In the UK, the All Party Parliamentary Internet Group (APPIG) has recently released its report on Digital Rights Management. It contained strong and welcome recommendations in relation to DRM, some of which are succintly listed on Boing Boing.
In addition to DRM, the inquiry also considered CC licensing; specifically, one of the issues for comment was:
“Whether new types of content sharing license (such as Creative Commons or Copyleft) need legislation changes to be effective.”
The report explained that it had asked this question because it was “aware that these had taken some effort to craft so as to fit within the
UKs legal framework and wished to know if any changes would be of assistance.”
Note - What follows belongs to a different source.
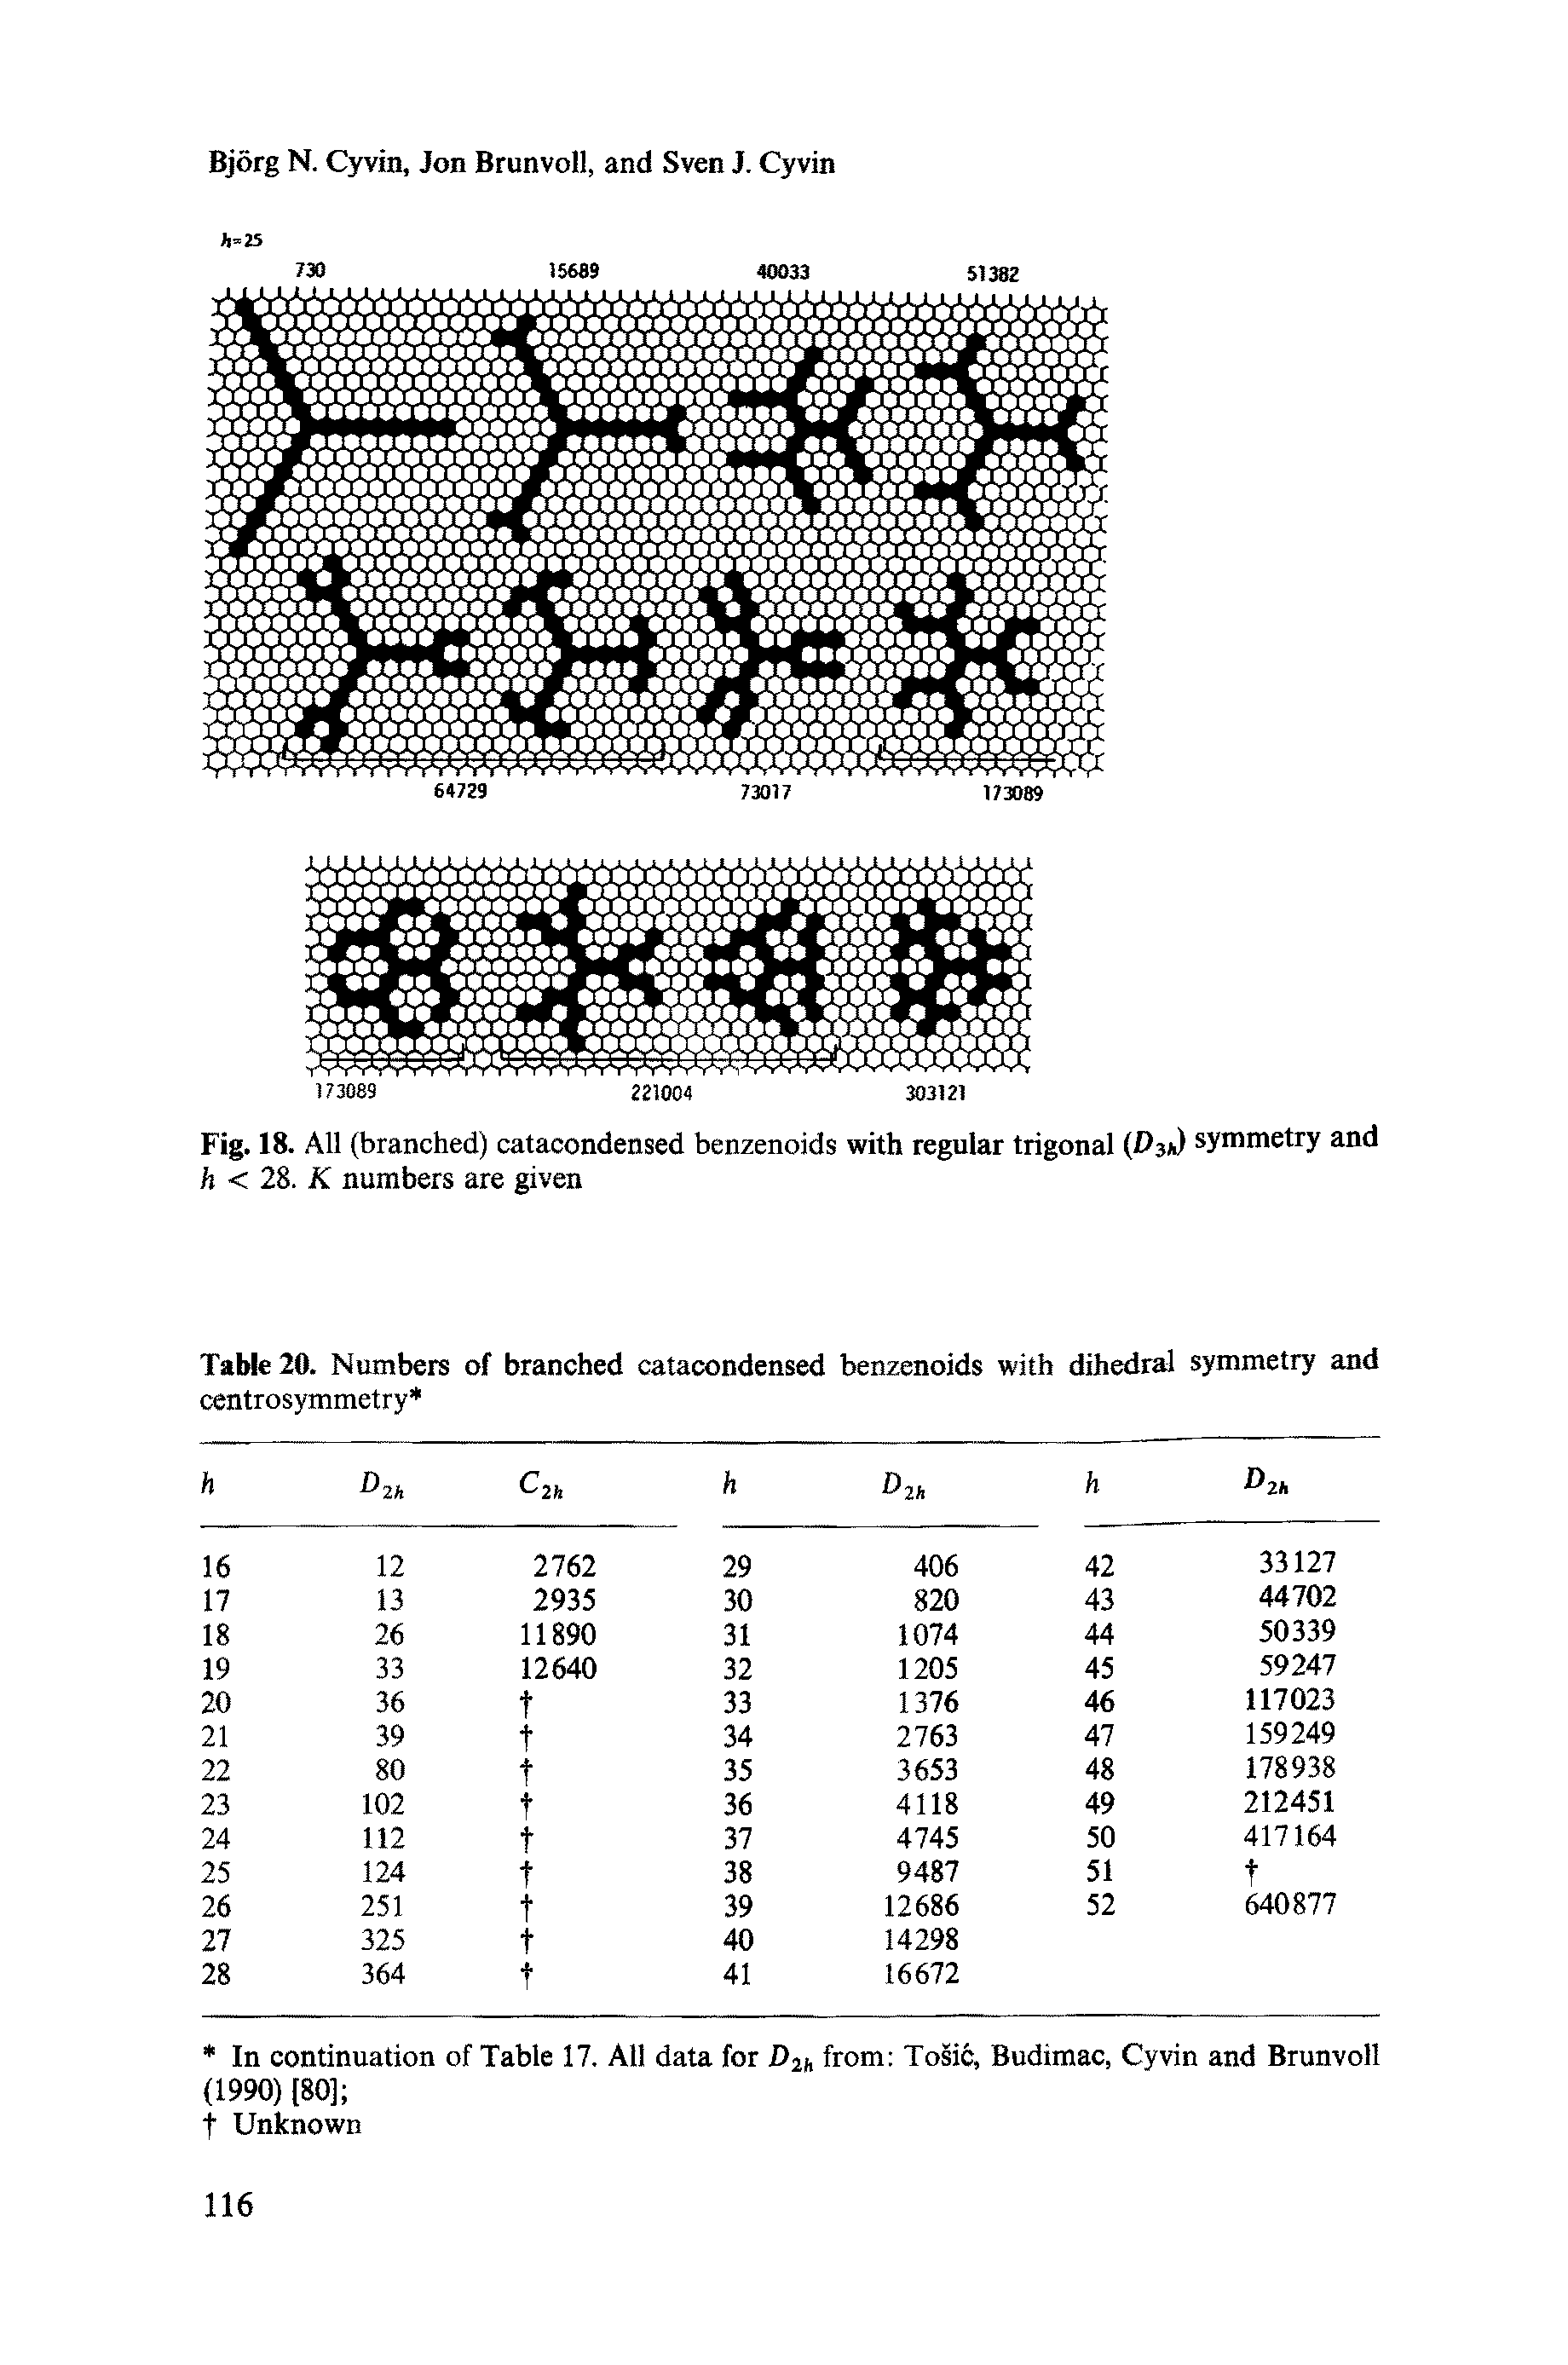 Table 20. Numbers of branched catacondensed benzenoids with dihedral symmetry and centrosymmetry ...

About the various submissions received on the issue of CC, the report concludes that “[e]veryone who commented told us that the licenses were solidly based on existing legislation, and that no changes were necessary.” Which is a relief and a testament to the hard work of the legal projects who adapt the licenses for varying jurisdictions around the world, and in particular in the UK England & Wales and Scotland.
Interestingly, the report continued that:
“Several of the rights-holders were rather negative about these licenses, suggesting that the creators and performers did not always understand what they were giving away forever and how it could affect an artists ability to enter into an exclusive license at a later stage in their career.”
These arguments are ones CC often encounters in discussions with different creator groups. However, it appears that these argument held little sway with the APPIG. It’s response:
“Although artists should naturally consider these matters, we suspect that these licenses are clearer than many media industry contracts. Also, should it become commonplace for bands to use Creative Commons licenses at an early stage of their career, then as they become successful and sign with a record company, the industry approach to exclusivity will doubtless be tempered by the new reality.”